Analizando el efecto de VC en cada grupo no se obtiene diferencia estadísticamente significativa ni en cuanto a la EMH ni a la formación de faringostoma (Tabla 6).

Tabla 6

 

Discusión

El desigual número de pacientes en cada grupo se debe al distinto periodo temporal, pero estadísticamente no tiene significación.

En ambos grupos existe una diferencia de edad. Esto puede ser atribuible a que en el G2 un alto porcentaje de pacientes ha recibido tratamiento RT previo a la cirugía.

La aparición de faringostoma en el periodo postoperatorio aumenta claramente la EMH (Fig. 1).

 

Figura 1

 

La EMH fue 5 días superior en el G1 que en el G2 (Fig. 2), una diferencia importante debido al ahorro en costes que supone, que sería de 4375 € de media. Y esta diferencia puede ser claramente atribuida a la utilización de CAH, ya que ni la realización de VC ni el recibir RT previa ha demostrado estadísticamente una prolongación en la EMH.

 

Figura 2

 

No se puede concluir que la RT previa o la realización de VC favorezcan un incremento de la EMH ni la formación de faringostomas (Fig. 3).

 

Figura 3

 

Los pacientes que han recibido RT previa se fistulizan claramente menos en el G2 (26,1%), que en el G1 (42,9%); esta diferencia podría estar justificada por la utilización de CAH en el G2 (Fig. 4).

 

Figura 4

 

El que en el G2 un 60,5% de los pacientes recibiera tratamiento RT previo puede estar justificado por la tendencia actual de un tratamiento curativo menos mutilante y la utilización de protocolos de preservación de órgano.

El que se realice VC en el momento de la cirugía no influye en la EMH (Fig. 5) ni en la formación de faringostoma (Fig. 6).

 

Figura 5

 

Figura 6

 

El beneficio de utilizar CAH está claramente demostrado y coincide con los resultados de otros autores (29,30,33,40,45,45-66): los cambios son más confortables para el paciente (28,66-72), necesita menos desbridamientos (70,73) y se consigue un mejor control de la infección y la humedad (47,48), con lo que el alta hospitalaria puede ser más temprana (67,68).

Por todo esto, el coste-efectividad de utilizar la CAH queda probado tanto en nuestro caso como en el de trabajos previos (28,67-70,72,74-79), incluso en el tratamiento de úlceras en las que hay exposición de hueso (80), aunque otros autores no han encontrado diferencias ni en la cicatrización (48,81), ni en el ahorro de costes sanitarios (81-83).
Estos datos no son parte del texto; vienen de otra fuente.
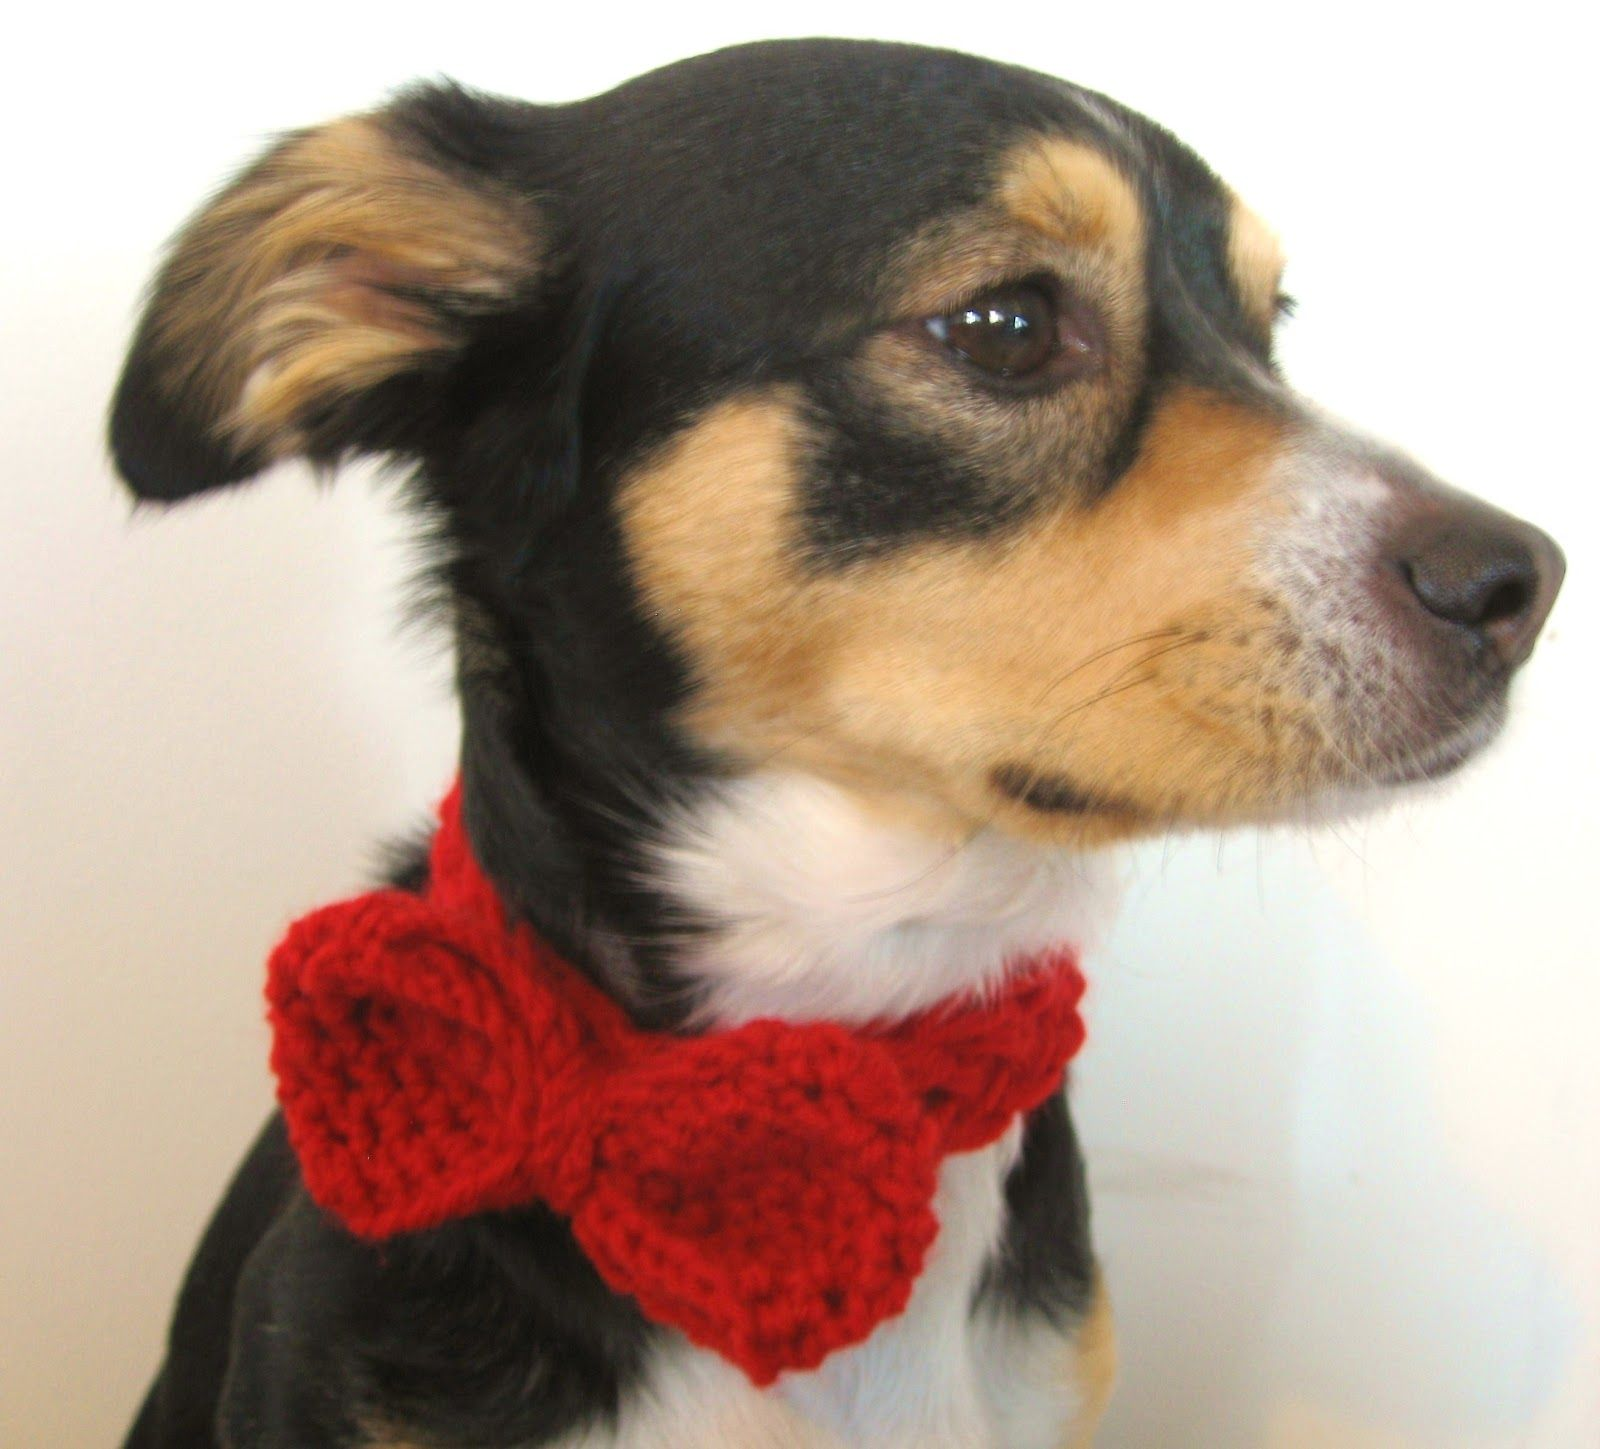 Dogscrochet megan e sass handknits free pattern crochet dog dogscrochet megan e sass handknits free pattern crochet dog bow tie bankloansurffo Image collections

A modo de ejemplo se exponen tres casos (Casos 1, 2 y 3) tratados en la Unidad de Heridas Crónicas. Fue al tratar el caso 1, y ver sus buenos resultados, cuando se inició el protocolo de CAH, protocolo que se inicia en el mismo quirófano, al finalizar la cirugía.

 

Caso 1

 

Caso 2

 

Conclusiones

• La mayoría de los pacientes sometidos a cirugía oncológica laríngea son varones, con una media de edad de 60-68 años.

• La formación de faringostoma es la complicación más frecuente.

• La aparición de faringostoma en el periodo postoperatorio claramente aumenta la estancia media hospitalaria.

• La utilización de la CAH disminuye la estancia media hospitalaria en una media de 5 días, ahorrando de esta forma una media de 4375 €.

• En los pacientes que han recibido RT, la cura en ambiente húmedo disminuye la formación de faringostoma.

• El recibir tratamiento radioterápico previo o la realización de VC no influye en la EMH ni en la formación de faringostoma.